Convivo com esse tipo
de comportamento não é de hoje.
Tenho uma tia que
frequenta a igreja Assembleia de Deus. Nunca corta os cabelos, devido
a uma interpretação do Velho Testamento, em que eles são descritos
como “véu da mulher” – embora nada proíba Feliciano de
depilar as sobrancelhas.
Adolescente, eu morava
em Marília, interior de São Paulo. Uma jovem evangélica da
Assembleia deixou de ser virgem. A fofoca se espalhou no templo.

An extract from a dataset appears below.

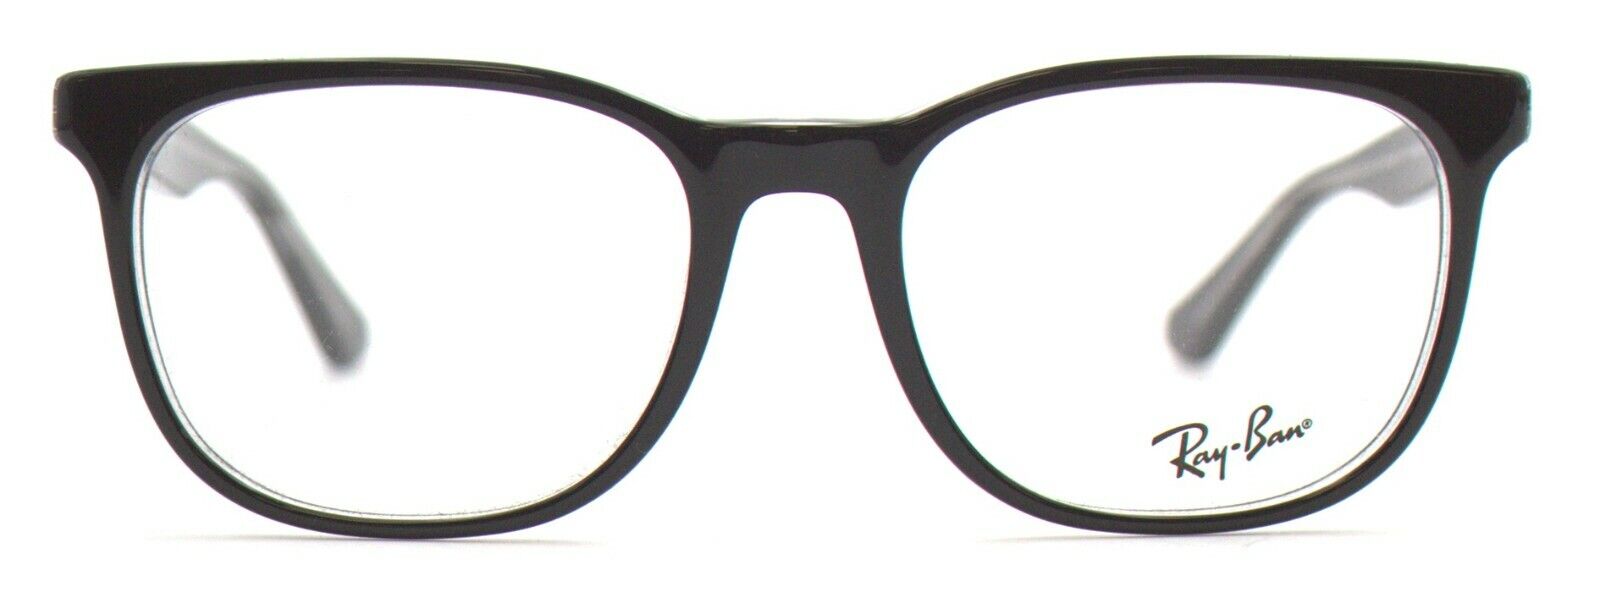 Ray-Ban Damen Herren Brillenfassung RX5369 2034 52mm schwarz Vollrand BO9_4 B Oryginalna gwarancja, tanio

A
moça foi expulsa publicamente da igreja.
Não é o primeiro
preceito cristão acolher os pecadores?
Normatizar a vida dos
fiéis é exercer poder sobre eles. Esse poder é exercido pela
fofoca entre os membros da comunidade religiosa, que passam a
controlar o comportamento uns dos outros.
Trazer esse tema, da
igreja, para a política, é um acinte para a sociedade.
Quanto mais se fala em
“cura gay”, mais cresce o preconceito. E o preconceito estimula a
fofoca, o controle sobre o comportamento alheio.
É um risco para quem
acredita nas liberdades individuais.
Inevitavelmente
surgirão novas vítimas, como a Fantine de Victor Hugo.